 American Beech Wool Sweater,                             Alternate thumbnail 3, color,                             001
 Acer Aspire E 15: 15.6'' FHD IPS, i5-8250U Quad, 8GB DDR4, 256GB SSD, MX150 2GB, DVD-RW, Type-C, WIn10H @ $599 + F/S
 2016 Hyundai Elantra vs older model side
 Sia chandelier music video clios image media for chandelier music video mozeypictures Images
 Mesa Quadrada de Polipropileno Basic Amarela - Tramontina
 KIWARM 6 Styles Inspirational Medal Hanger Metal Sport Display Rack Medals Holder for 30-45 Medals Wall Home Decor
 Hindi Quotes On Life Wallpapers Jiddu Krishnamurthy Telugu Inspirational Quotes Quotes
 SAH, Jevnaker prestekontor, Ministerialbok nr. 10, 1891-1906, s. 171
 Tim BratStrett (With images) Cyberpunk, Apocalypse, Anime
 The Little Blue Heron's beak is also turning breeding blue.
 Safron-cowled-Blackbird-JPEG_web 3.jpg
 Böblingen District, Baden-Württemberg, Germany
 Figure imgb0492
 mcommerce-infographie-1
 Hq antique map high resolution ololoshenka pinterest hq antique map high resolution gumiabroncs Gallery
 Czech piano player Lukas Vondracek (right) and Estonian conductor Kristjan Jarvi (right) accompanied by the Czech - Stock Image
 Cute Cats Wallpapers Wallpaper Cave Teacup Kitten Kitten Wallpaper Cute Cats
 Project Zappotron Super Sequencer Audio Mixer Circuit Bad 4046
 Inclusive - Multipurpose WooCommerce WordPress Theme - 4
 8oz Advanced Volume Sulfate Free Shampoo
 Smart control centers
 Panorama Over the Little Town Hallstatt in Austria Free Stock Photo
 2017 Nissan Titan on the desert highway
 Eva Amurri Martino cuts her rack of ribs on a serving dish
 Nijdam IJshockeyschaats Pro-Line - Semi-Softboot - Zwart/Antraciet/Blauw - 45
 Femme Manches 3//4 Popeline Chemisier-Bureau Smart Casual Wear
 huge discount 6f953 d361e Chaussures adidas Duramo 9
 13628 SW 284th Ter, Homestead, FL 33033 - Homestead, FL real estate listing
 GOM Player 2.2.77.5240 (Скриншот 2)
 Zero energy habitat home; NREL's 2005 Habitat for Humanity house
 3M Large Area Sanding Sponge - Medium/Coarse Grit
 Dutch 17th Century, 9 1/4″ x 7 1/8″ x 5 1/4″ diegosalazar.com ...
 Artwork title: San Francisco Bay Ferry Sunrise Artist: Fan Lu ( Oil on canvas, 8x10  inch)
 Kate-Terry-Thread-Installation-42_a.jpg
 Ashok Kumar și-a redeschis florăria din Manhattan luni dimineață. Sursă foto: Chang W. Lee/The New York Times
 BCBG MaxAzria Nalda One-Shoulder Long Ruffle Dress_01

**WHAT YOU HAVE TO DO**
Out of the data above, set down the lines from the one with "Czech piano player" to the one with "huge discount 6f953", both included, exactly as written and with no additions.

**SOLUTION FOR THIS TASK**
 Czech piano player Lukas Vondracek (right) and Estonian conductor Kristjan Jarvi (right) accompanied by the Czech - Stock Image
 Cute Cats Wallpapers Wallpaper Cave Teacup Kitten Kitten Wallpaper Cute Cats
 Project Zappotron Super Sequencer Audio Mixer Circuit Bad 4046
 Inclusive - Multipurpose WooCommerce WordPress Theme - 4
 8oz Advanced Volume Sulfate Free Shampoo
 Smart control centers
 Panorama Over the Little Town Hallstatt in Austria Free Stock Photo
 2017 Nissan Titan on the desert highway
 Eva Amurri Martino cuts her rack of ribs on a serving dish
 Nijdam IJshockeyschaats Pro-Line - Semi-Softboot - Zwart/Antraciet/Blauw - 45
 Femme Manches 3//4 Popeline Chemisier-Bureau Smart Casual Wear
 huge discount 6f953 d361e Chaussures adidas Duramo 9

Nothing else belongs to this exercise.